Sermão de Dom Lourenço Fleichman

Se nós compreendêssemos a beleza da criação

Caríssimos irmãos, assim foi no início do tempo, Deus plantou o seu trigo. Tudo que Ele criou, a maravilha da criação, todos os astros, a ordem que está nesses astros todos, desde o momento em que o mundo começou a se embelezar por obra da Providência Divina, preparando o lugar onde seria criado o homem para depois então nascer o Salvador, tudo isso é obra das mãos de Deus com uma beleza que poderia nos trazer uma certa contemplação suficiente pro resto das nossas vidas. Se nós compreendêssemos a beleza da criação, se nós pudéssemos vislumbrar um pouco aquilo que na sua pureza inicial estava presente na vida de Adão e Eva, aquele Paraíso era o menos de tudo. O Paraíso era para eles um lugar de delícias, mas era um lugarzinho no centro daquela terra maravilhosa que Deus criou para o homem. O centro daquelas estrelas, milhares e miríades de estrelas que Deus criou para o homem, todos os sóis e todos os sistemas planetários foram feitos para embelezar a noite do homem e iluminar o seu dia. E ali viviam Adão e Eva. Viviam em plena felicidade e não precisavam de mais nada. Toda essa criação posta para a admiração e a contemplação dos nossos primeiros pais. É o trigo, é trigo na nossa parábola. Está ali crescendo, amadurecendo, tornando-se aquela plantação dourada que sacode ao vento e que tanto fez escreverem os poetas sobre a beleza da plantação do trigo.

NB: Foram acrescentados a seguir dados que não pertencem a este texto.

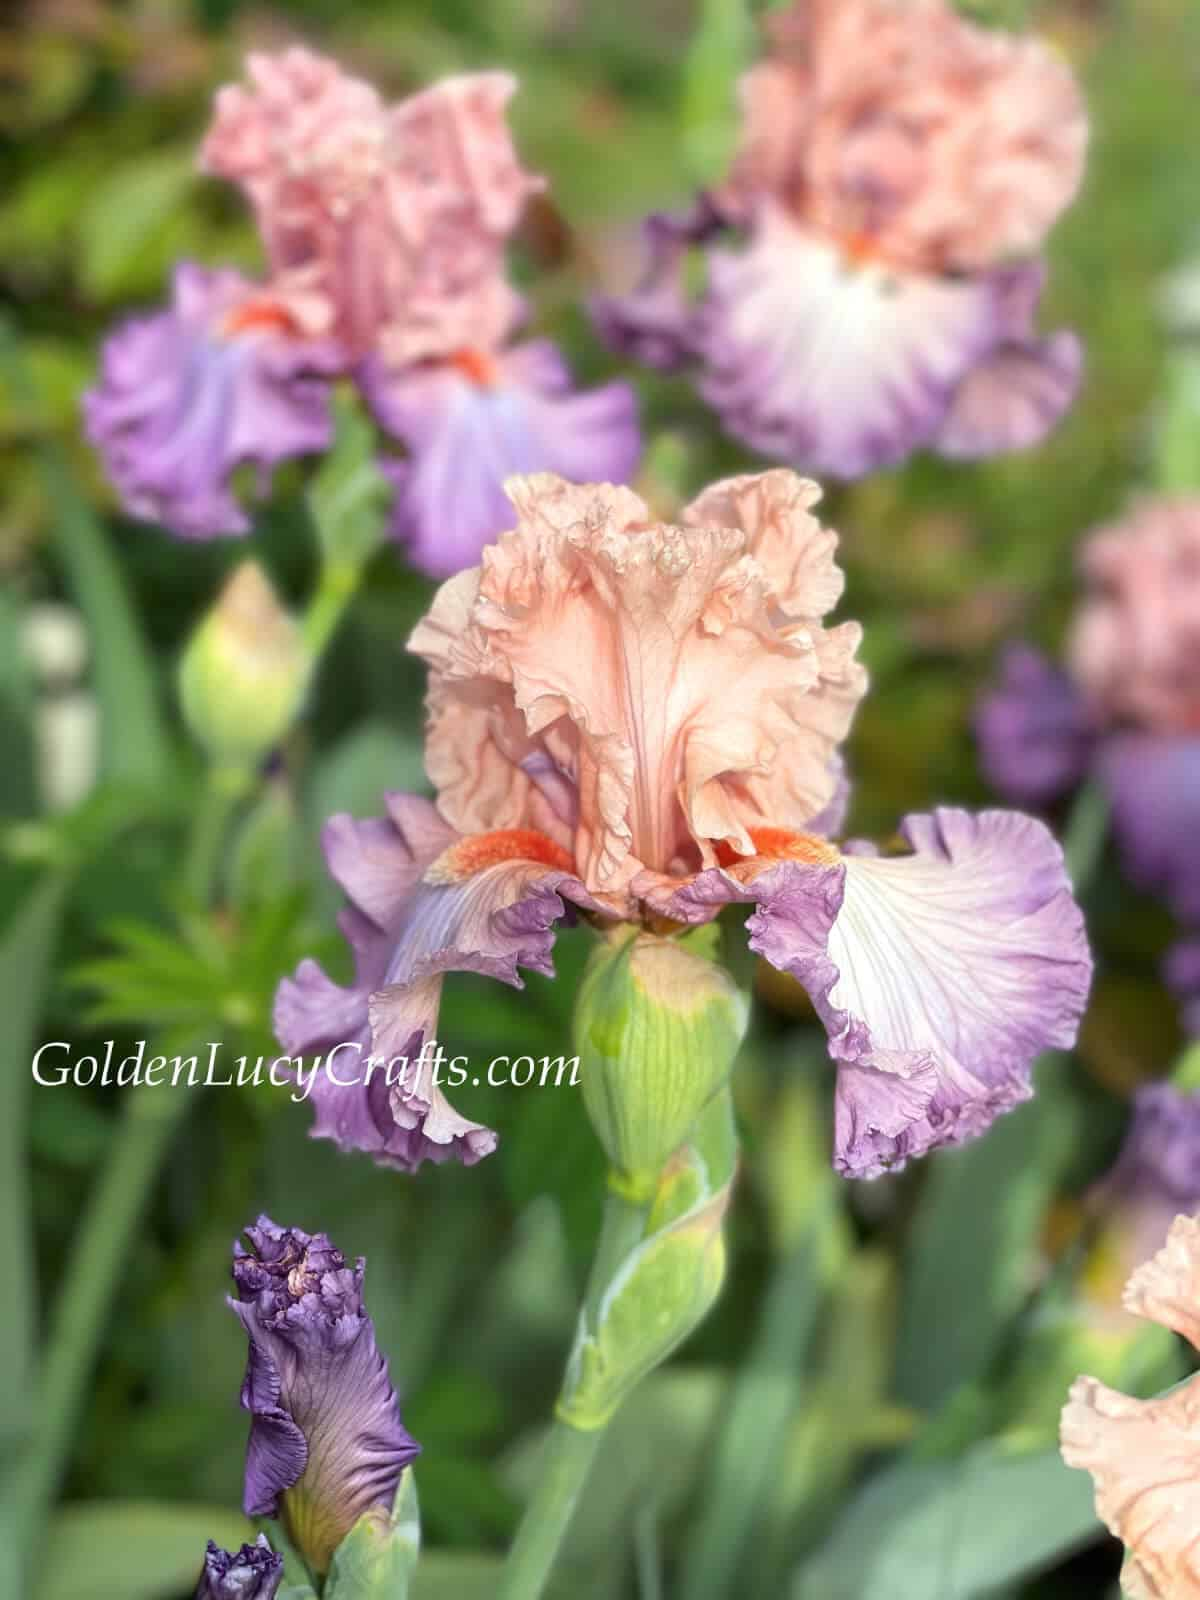 Irises in pale colors.
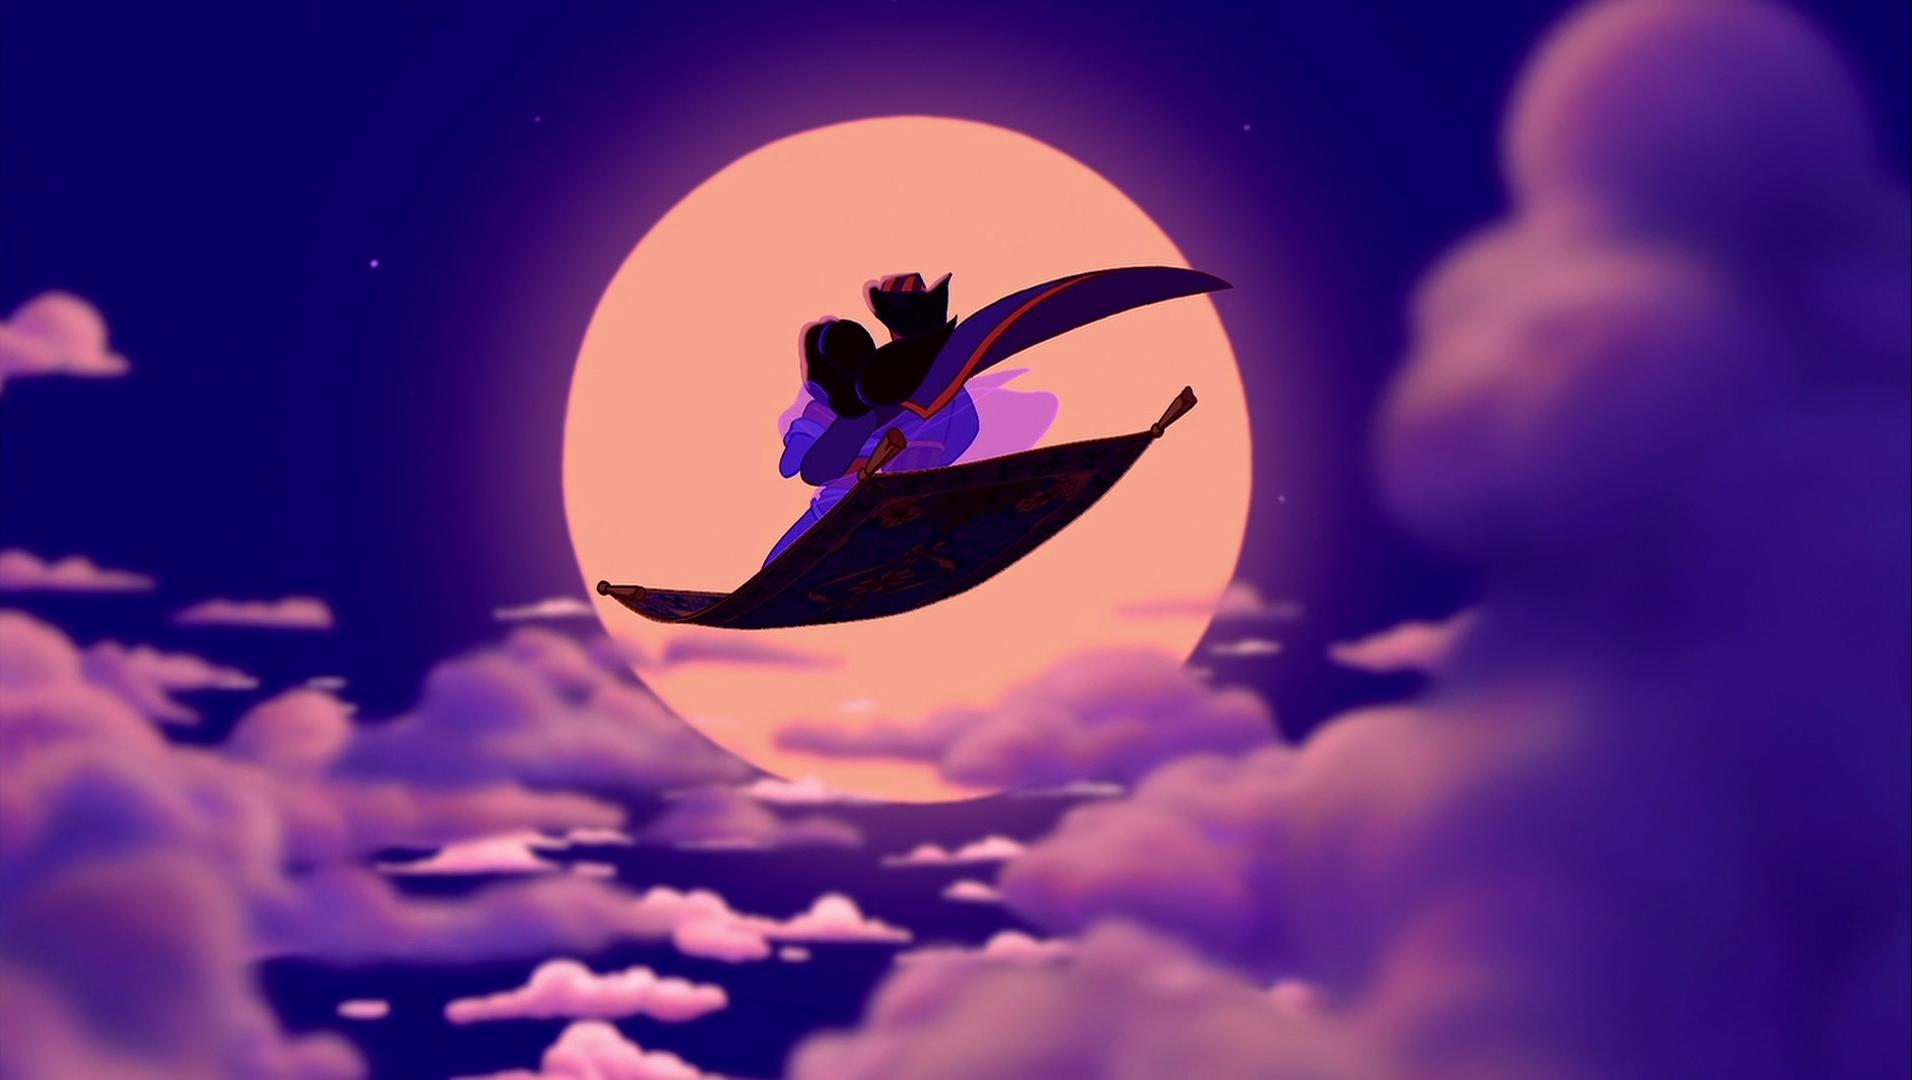 Aladdin_(Bluray_720p).MKV 022 do you really know all the lyrics to a whole new world? playbuzz

e vem, então, o pecado original

Muito mais variado do que o trigo. As florestas, os rios, as montanhas, tudo que acontece na natureza quando faz sol e as plantinhas crescem, quando chove e molha e rega as plantinhas, quando cai a neve para que no inverno aquelas plantinhas hibernem para poderem explodir de vida na primavera. Tudo foi feito nessa beleza inicial e estava assim no paraíso de Adão e Eva. Veio o inimigo do homem, diz o texto do evangelho, e semeou a cizânia, semeou a feiura, semeou o pecado. Começa com a serpente aparecendo para Eva, tentando a mulher naquela fraqueza do seu espírito: “Sereis como deuses” e vem, então, o pecado original. A mulher cai, desgraçadamente cai naquela conversa fiada do demônio e aceita, no seu orgulho profundo, ser mais do que era – que já não era tudo o que podia ser porque era dependente da costela de Adão, foi criada com aquela referência do homem. Ele, o chefe da família e, ela, a companheira. Ela, aquela que vinha para dar a ele os filhos e juntos formarem aquela primeira sociedade na família, que hoje está sendo destruída pelo mundo.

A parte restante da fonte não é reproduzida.